For my particular case, the assumed role contains a nomenclature of botocore-session-xxx appended at the end, where "xxx" will always be a random set of numbers.

My issue is, because these sessions are dynamic and the xxx is randomly generated, I cannot manually input the corresponding digits of the actual botocore-session that is being used in the trust policy, it would not be feasible for myself.

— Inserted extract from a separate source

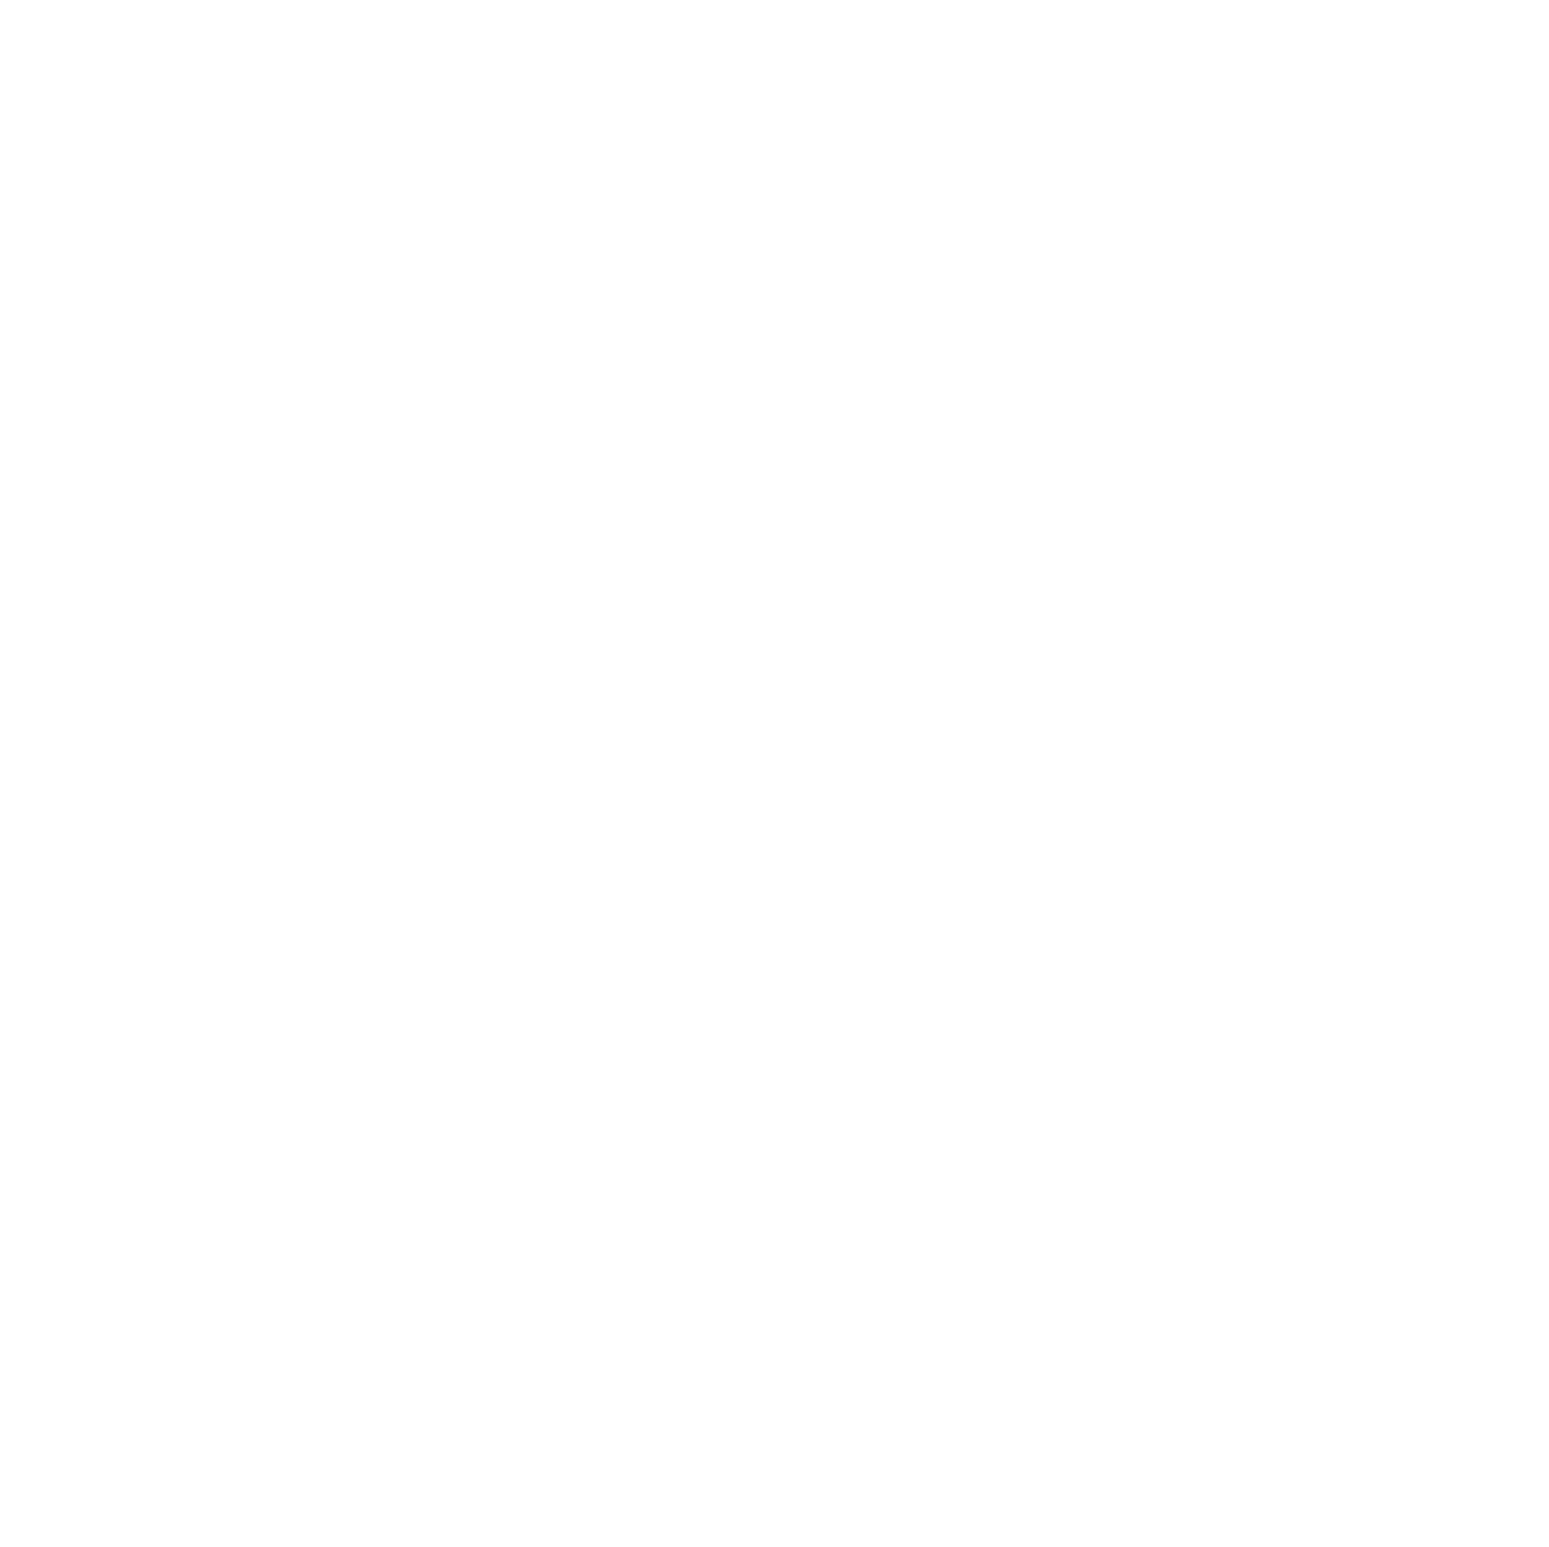 Tarkett logo pour fonds sombres (PNG transparent)

Instead, I tried going for a wildcard approach like so:

{
 "Version": "2012-10-17",
 "Statement": [
   {
     "Effect": "Allow",
     "Principal": {
       #Role A 
       "AWS": "arn:aws:sts::1234567890:assumed-role/ubuntu/botocore-session-*"
     },
     "Action": "sts:AssumeRole"
   }
 ]
}

But the above is an invalid policy and does not work in AWS. Did I screw myself over with this approach? How can Role B contain an "open" trust policy to allow for Role A: assumed-role/test-ubuntu/botocore-session-xxx , considering that "xxx" will always be a set of random generated numbers?

Appreciate some guidance on this one.